A year after the election that swept President Donald Trump out of office and New Hampshire Republicans into power, some 190 ballots cast by Bedford voters remain uncounted, NHJournal has learned.
The misplaced absentee ballots, which were discovered just days after the November 3, 2020 election, were kept secret from Town Council and the voters impacted for a year.
Town officials claim in a letter sent to the disenfranchised voters they kept the blunder secret under orders from the state Attorney General’s office, then headed by AG Gordon MacDonald.

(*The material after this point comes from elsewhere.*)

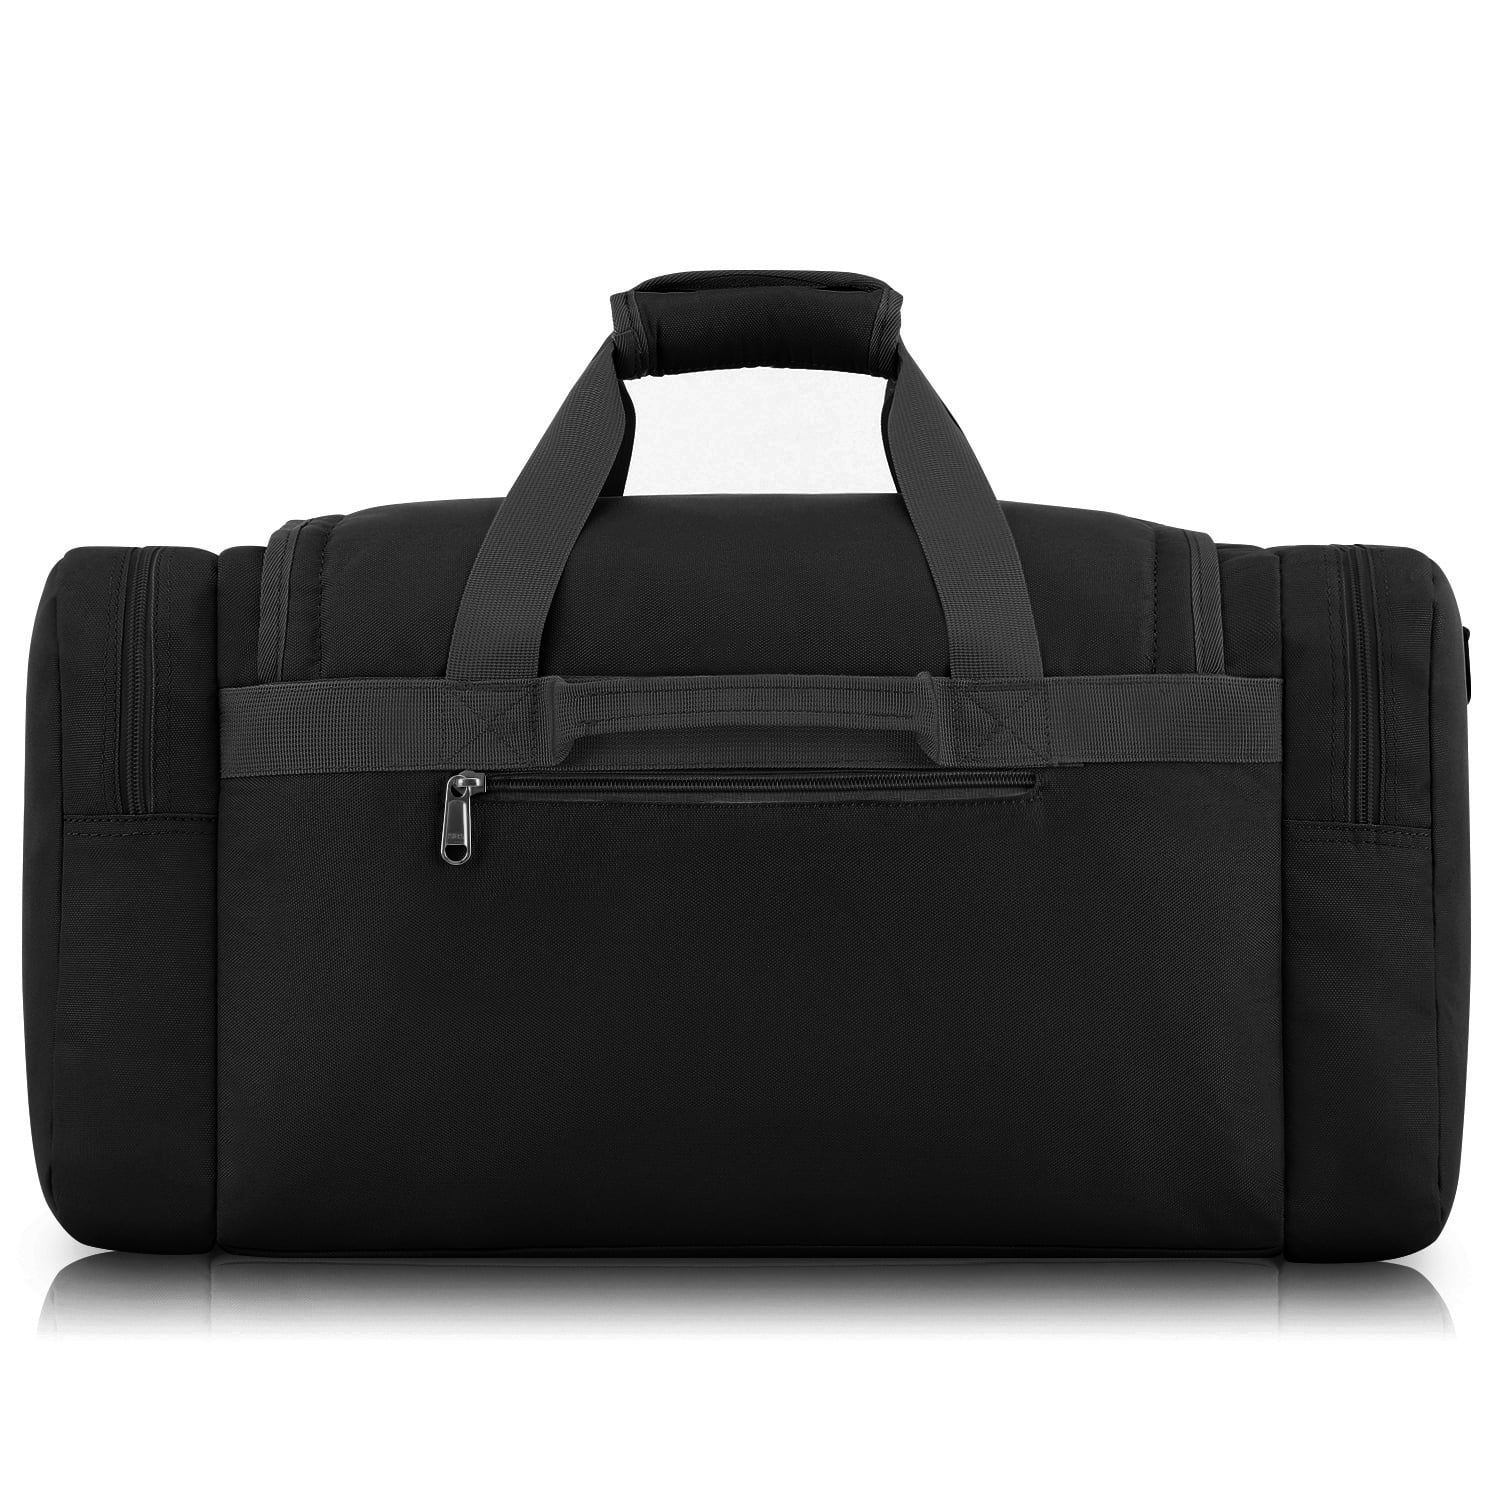 Gonex 45L Travel Duffel, Gym Sports Luggage Bag Water-resistant Many Pockets, Black - Walmart ...

“In reviewing this matter, this Office concludes that these 190 absentee ballots would not have impacted the outcome of any of the races on the ballot in Bedford during the 2020 general election,” Myles Matteson of the Attorney General’s office wrote Bedford town officials in a letter dated October 21, 2021. A copy of that letter is being sent to the 190 or so residents who cast votes last November by Bedford Town Clerk Sally Kellar and Town Moderator William Klein.
Those ballots remain unopened and uncounted.
According to Matteson, the existence of the uncast absentee ballots was discovered soon after the election.
“Deputy Clerk [Gloria] Mac Vane was reconciling the number of ballots distributed with the number of ballots cast. During this process, she discovered that there was a difference of approximately 190 fewer ballots cast than the number distributed. The amount of absentee ballots recorded received was 7,917. The total number of absentee ballots recorded cast was 7,727,” Matteson wrote.
“On November 8, 2020, Deputy Clerk MacVane attributed the cause of this discrepancy to a mistake made during the processing of absentee ballots on election day [sic].”
Because the ballots were kept secret, they were also kept out of the Bedford recount in the state Senate District 9 race between then-incumbent Jeanne Dietsch and newly-elected Republican Denise Ricciardi. That recount was held on November 1o, after the uncast ballots were discovered.
Dietsch called off the recount when the results began to benefit Ricciardi. Ricciardi’s official victory as reported by the Secretary of State’s office was 17,920 to 17,511, but that doesn’t include changes discovered in the uncompleted recount.
Why weren’t the ballots simply counted on November 8? Why was their existence kept secret? Why weren’t they used in the recount?
Kellar and Klein point the finger at the Secretary of State and Attorney General.
“When we discovered [the uncast ballots], we immediately reported it to the New Hampshire Secretary of State,” they wrote in their letter to the impacted Bedford voters. “We were advised to keep these ballots secure and to wait further instructions before taking any further action. The following week, we were informed that the matter had been referred to the NH Attorney General’s office for investigation. The Attorney General requested some information from us and we submitted it on November 19, 2020.
“We were told not to discuss this with anyone, not even the town council because it was a pending investigation,” Kellar and Klein said.
Officials in the AG’s office say they never instructed the town to keep the incident secret from either the Town Council or the general public.
This story is unfolding with the ongoing debate over the legitimacy of the 2020 election in the background. Political insiders with knowledge of the events speculate that decisions made by the Attorney General’s Office may have been influenced by events in Windham when voting machine error caused a significant error in the first results reported. Supporters of Trump’s frequently-repeated (and frequently debunked) claims the election was stolen due to widespread election fraud have used the Windham incident to support their calls for a statewide election audit in New Hampshire.
“The Attorney General’s Office saw this unfolding and they didn’t want to add fuel to the fire,” one source suggested.
MacDonald is currently serving as Chief Justice of the New Hampshire Supreme Court.
NOTE: This story has been updated to include new information revealed by the Attorney General’s office, and later confirmed by town officials.